▶ _EXERCISE OBJECTIVE_:
Copy out the data that comes next, character for character, and leave the images aside.

▶ _INFORMATION SHOWN_:
== Segment start ==

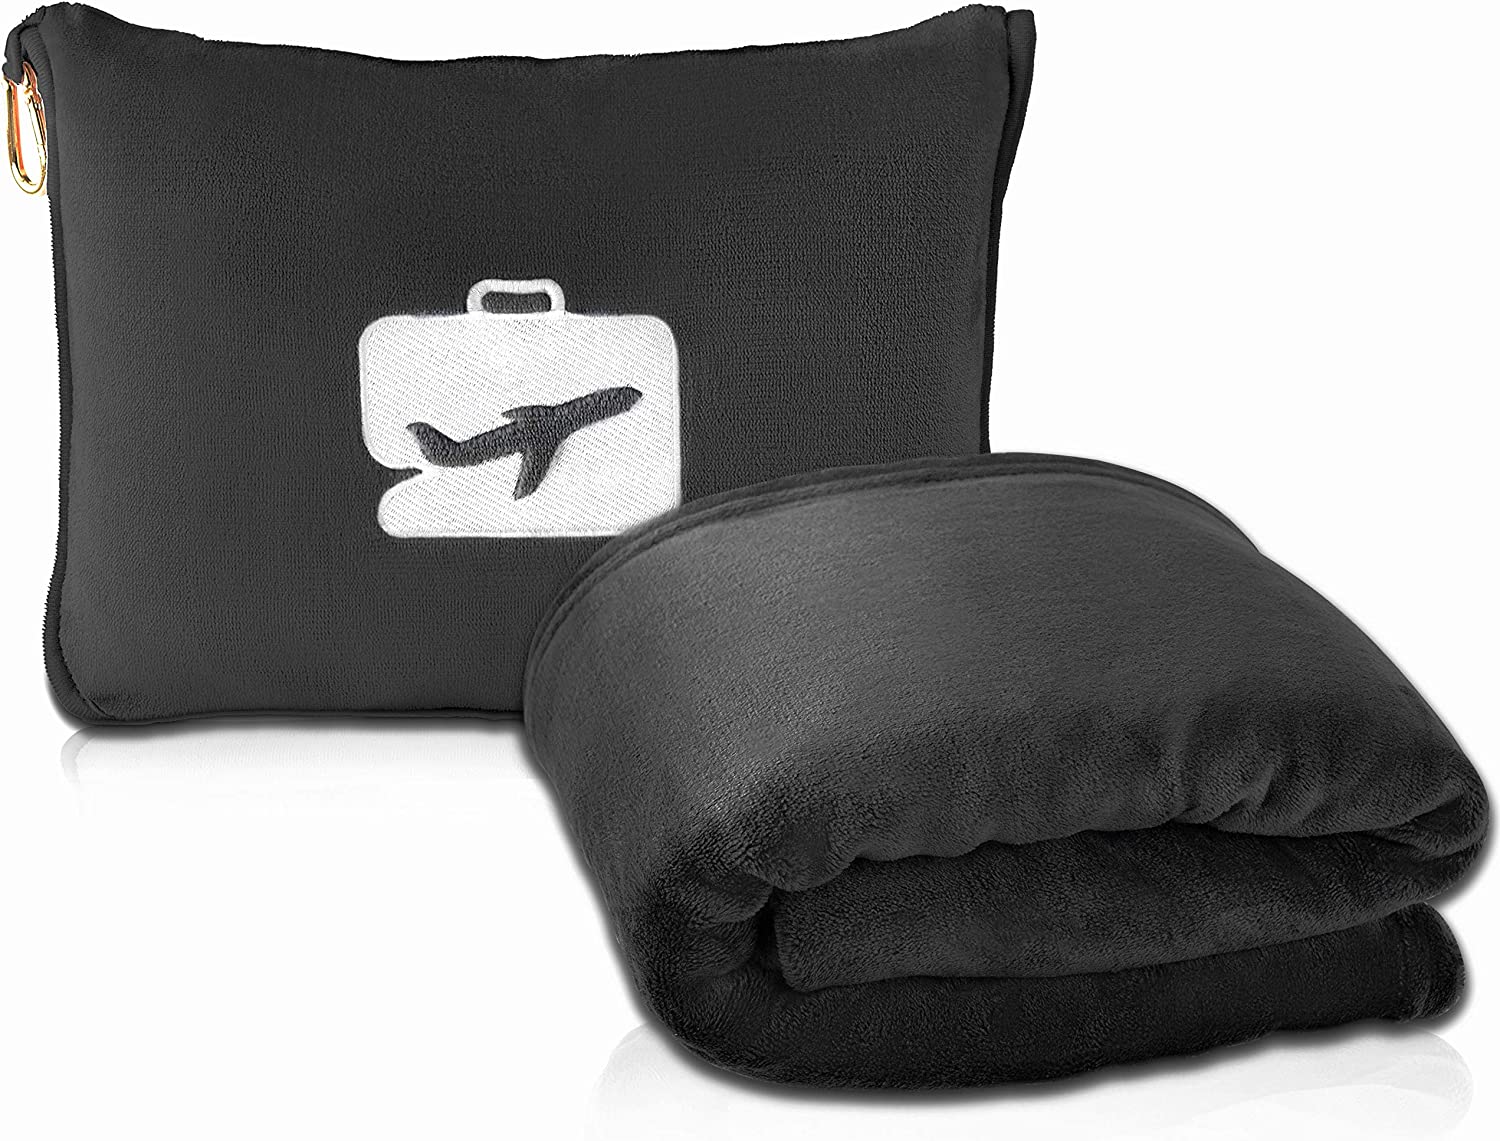 EverSnug Travel Blanket and Pillow - Premium Soft 2 in 1 Airplane Blanket with Soft Bag Pillowcase, Hand Luggage Sleeve and Backpack Clip (Black) by EverSnug on Amazon - honeymoon gift ideas for newlyweds - The Wedding Club
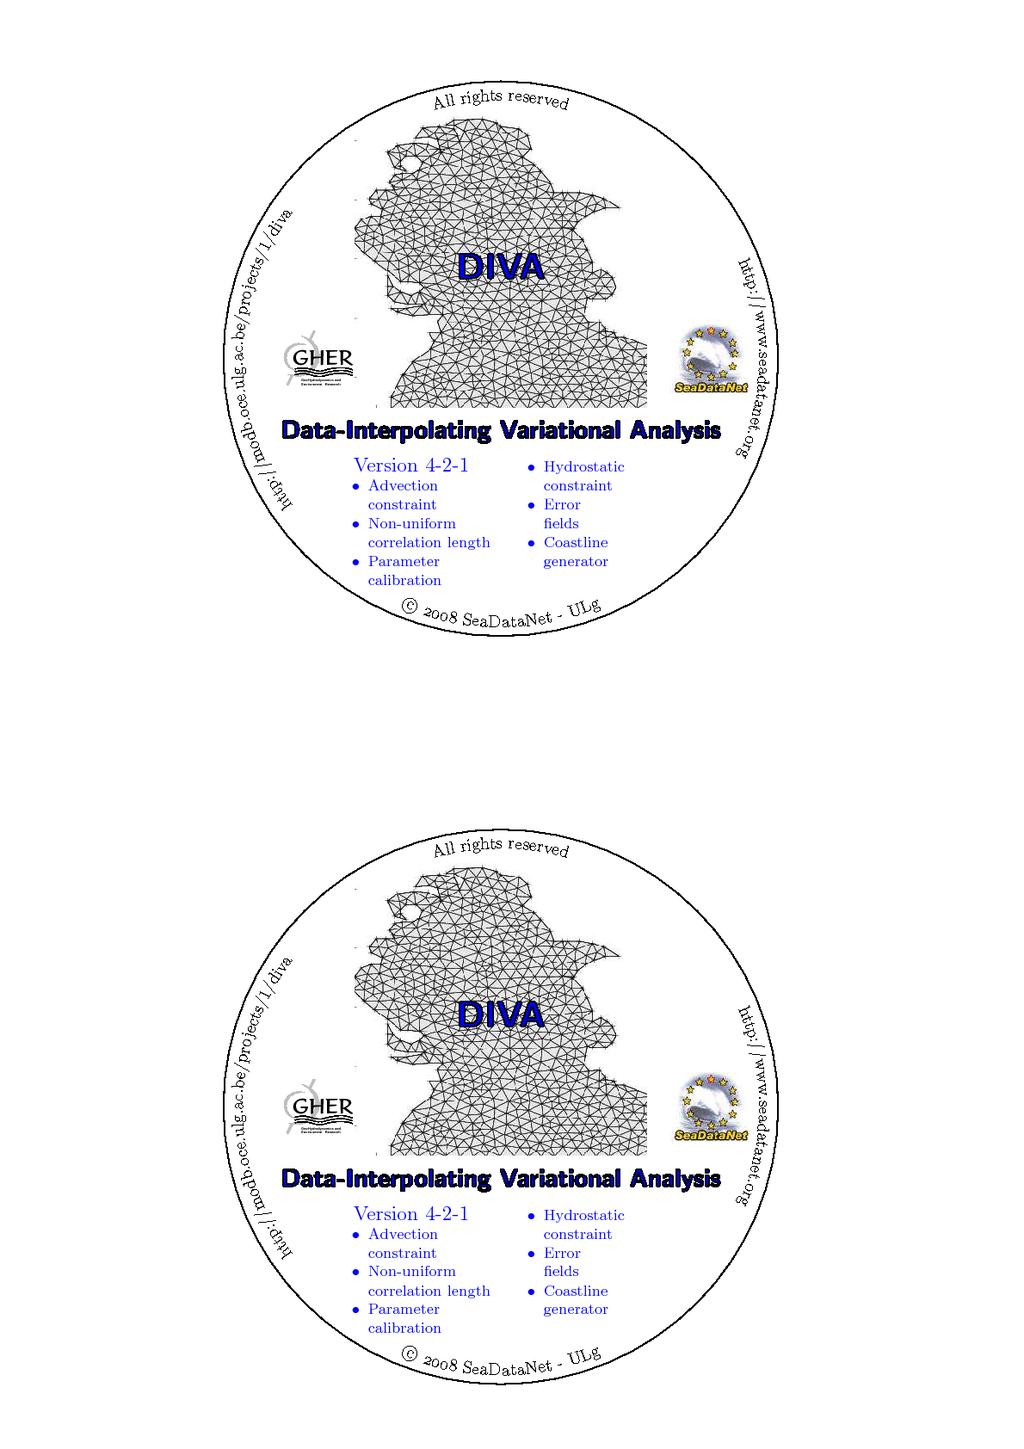 1.9.3. Diva Diva is a program written in Fortran and Shell scripts performing a variational analysis. This program is available at http://modb.oce.ulg.ac.be/modb/diva.html.
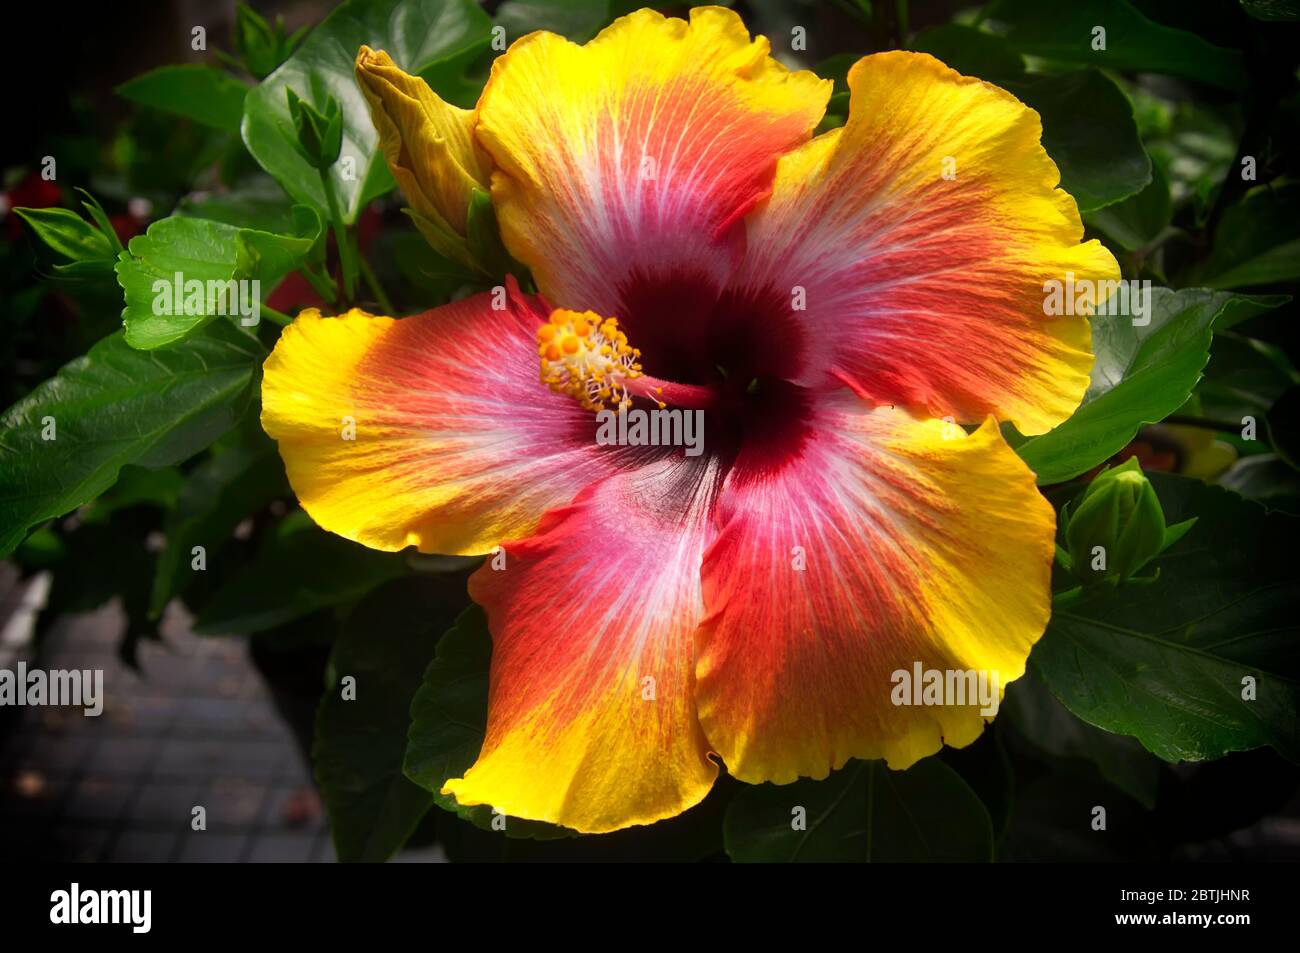 A sunset variety of a blooming hibiscus flower against a green background in a greenhouse. Stock Photo

== Segment end ==

▶ _EXERCISE RESULT_:
 EverSnug Travel Blanket and Pillow - Premium Soft 2 in 1 Airplane Blanket with Soft Bag Pillowcase, Hand Luggage Sleeve and Backpack Clip (Black) by EverSnug on Amazon - honeymoon gift ideas for newlyweds - The Wedding Club
 1.9.3. Diva Diva is a program written in Fortran and Shell scripts performing a variational analysis. This program is available at http://modb.oce.ulg.ac.be/modb/diva.html.
 A sunset variety of a blooming hibiscus flower against a green background in a greenhouse. Stock Photo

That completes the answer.